Benji Block: Absolutely. I’m one of those people that didn’t really know some of the protocol and all of that. Obviously, I’m reading the book, but you did a great job for beginners and then I was looking you up online and finding other resources and blogs, so I can attest to that. Definitely, there’s a lot of great content that you guys have created. Excited to chat here about it.

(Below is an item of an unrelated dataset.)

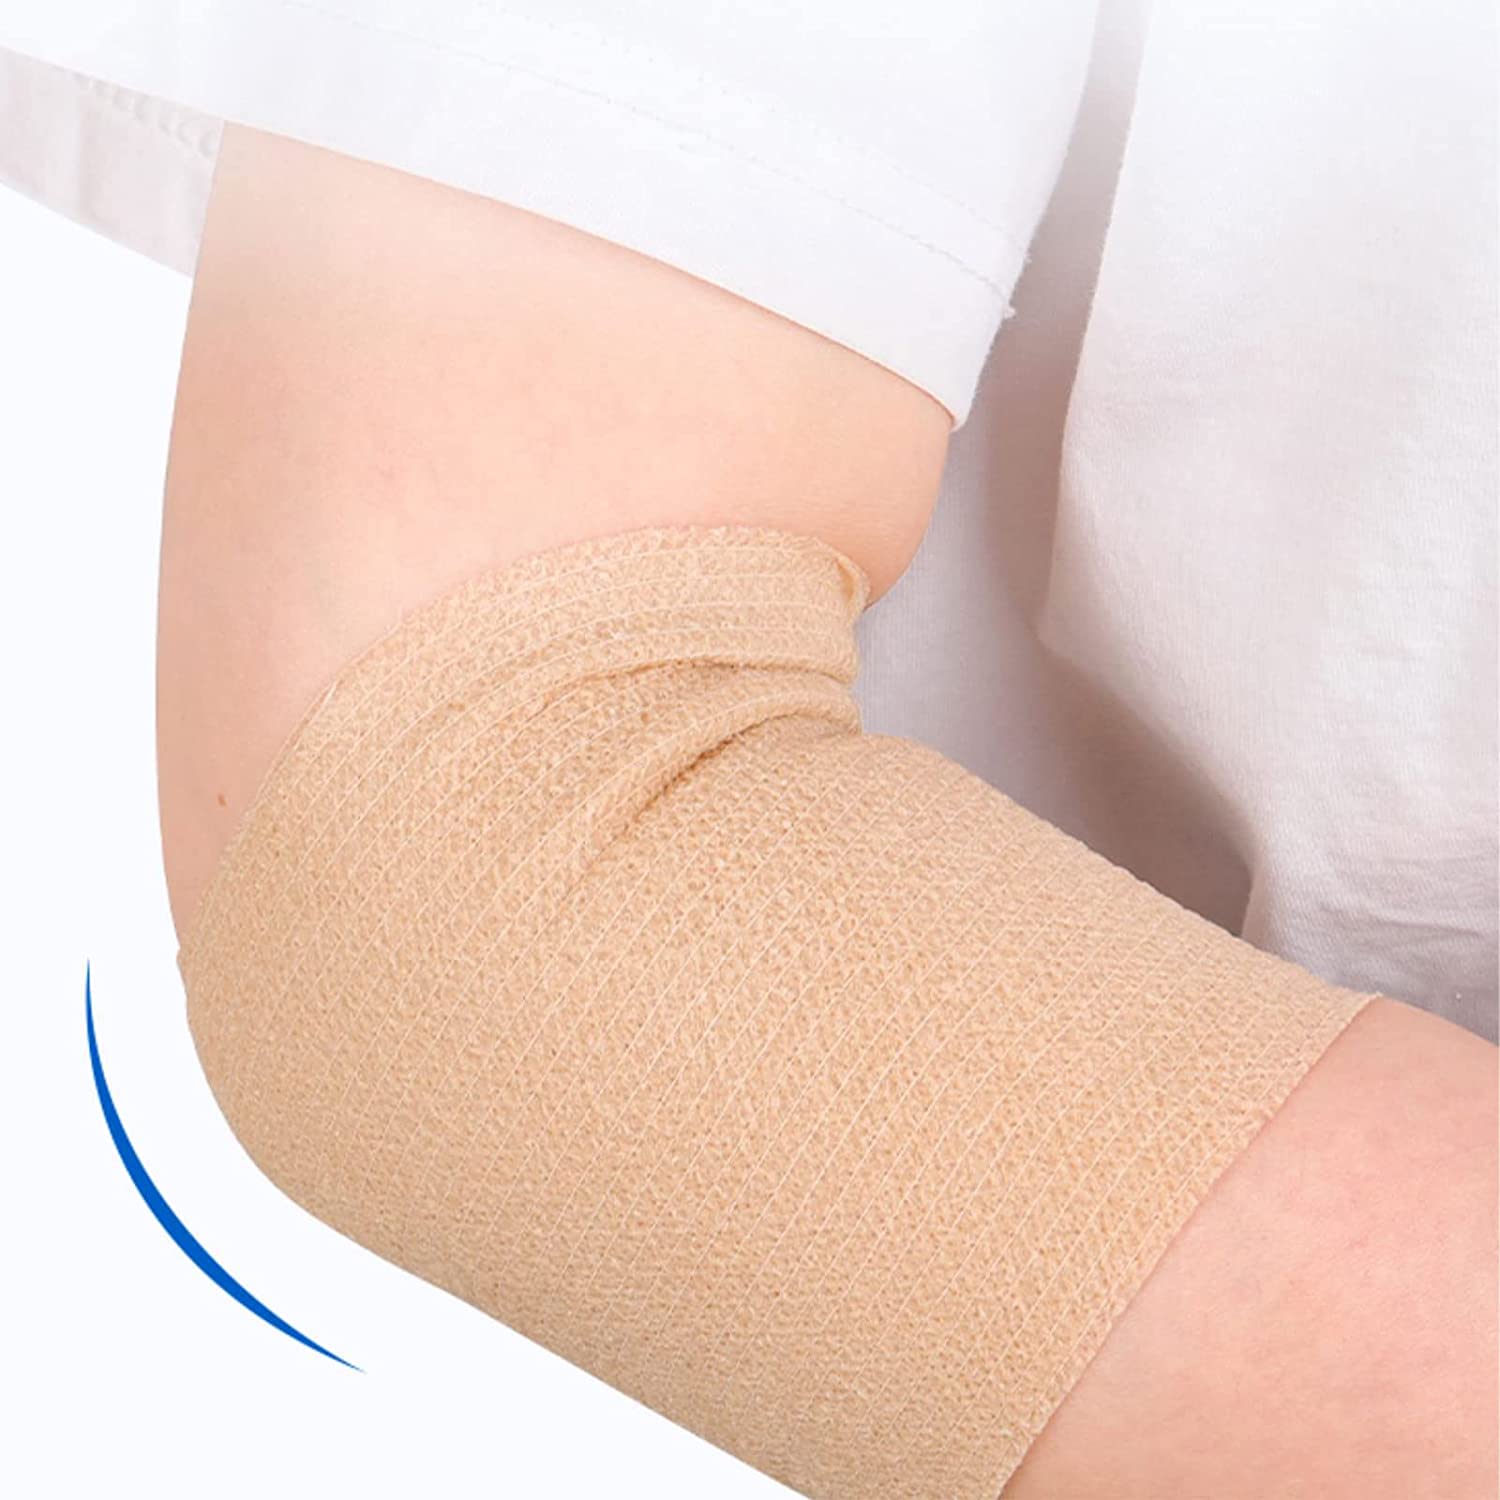 3 Inch 5 Yards Self Adherent Wrap bandage , Athletic Elastic Non Woven Cohesive Bandage – for Sports, First Aid Medical

You lay out right from the outset, we have a communication problem, something you’ve already mentioned here. I mean, it can be that we maybe don’t talk, because we’re afraid to say the wrong thing, you mentioned that. It can be that maybe we say things that cause confusion, right? Because they’re lost in translation, it feels like we’re speaking different languages. As a communicator, for me personally, that’s really, really frustrating. Why — maybe lay for us a little bit of groundwork. What are some of those things that hinder us from understanding each other, some of those core things that we should be paying attention to?
Nancy Dome: I think the bottom line is always fear, fear of something, right? Fear that I don’t know the right thing to say or that I’ll say the wrong thing. Fear that it might jeopardize my position, that there might be some form of retaliation, just the level of discomfort. We are operating in a society that is actually pretty much trained us to avoid conflict. So a lot of it, and I’ll do this on a regular basis, I’ll say how many of you will enter in conflict willingly. I’ll get in a room of 400 people, like 10 people who will raise their hands. We’ve been trained not to engage in when it feels like, it’s conflict. We avoid it, we walk away. So a lot of that too is just conflict avoidance. It’s like, oh, I’m feeling uncomfortable. Also, because I haven’t really checked in with my own feelings, which is the first star of the protocol. Do you recognize what that discomfort is?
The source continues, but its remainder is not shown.